Due to the variability of acquisition conditions and protocols for MS datasets and in order to simplify our pipeline, we used only T1w and FLAIR images.

Pre-processing

To address the MS lesion segmentation, a set of pre-processing steps are necessary in advance (left column of Fig. 1). First, the brain region is extracted from all of the images involved. There is a large literature covering the skull-stripping problem [1, 19, 21, 24]. Among the available approaches, the Brain Extraction Tool (BET) [26] from the FMRIB Software LibraryFootnote 4 is the most commonly used mainly for the satisfactory results provided [3]. Thus, we decided to use BET here.

Fig. 1
figure 1

Scheme of the full lesion segmentation process. The left column shows the pre-processing steps, while the right column depicts the used strategy for MS lesion segmentation

Intensity inhomogeneities are inherent to MRI for various reasons: variable imaging parameters, overlapping intensities, noise, motion, echoes, blurred edges, normal anatomical variations, and susceptibility artifacts [23]. The effect of these inhomogeneities can be attenuated by first reducing the image noise and then correcting the intensities with the estimation of the multiplicative bias field.
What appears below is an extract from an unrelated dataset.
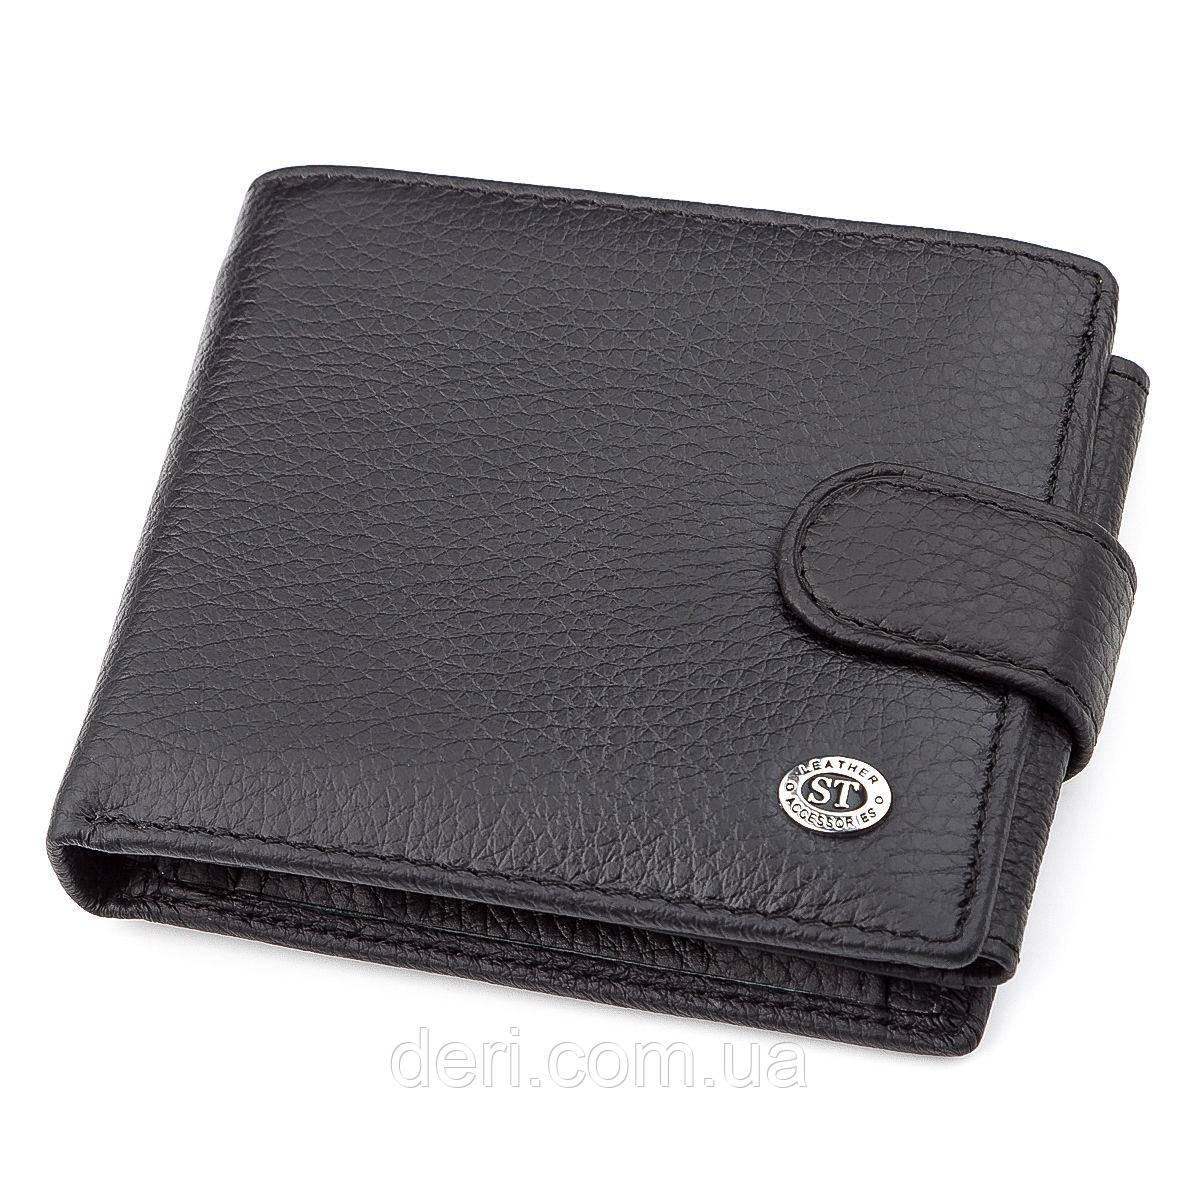 Мужской кошелек ST Leather натуральная кожа Черный, Черный

Here, we have first used the anisotropic diffusion filter provided by the Insight Toolkit (ITK) software library,Footnote 5 which implements an N-dimensional version of the classic Perona and Malik filter [17]. Thereafter, the inhomogeneities were corrected using the well-known, non-parametric, non-uniform intensity normalization (N3) methodFootnote 6 [25], which is becoming a standard in brain MRI pipelines. Although some works in the literature perform BET after N3 intensity correction [19], when optimizing non-uniformity correction using N3, the brain mask also helps with its improvement [4, 32]. The main goal of our work is the segmentation of MS lesions by using intensity features; therefore, the intensity normalization is a primary requirement. Other works with similar necessities also perform as we do here BET before intensity correction [24, 30]. The use of default parameters for this N3 method has been revised in recent works to adapt them to newer MRI scanners with higher field strength and multichannel receiver coils, reducing the smoothing distance parameter to 30–50 mm [4, 32].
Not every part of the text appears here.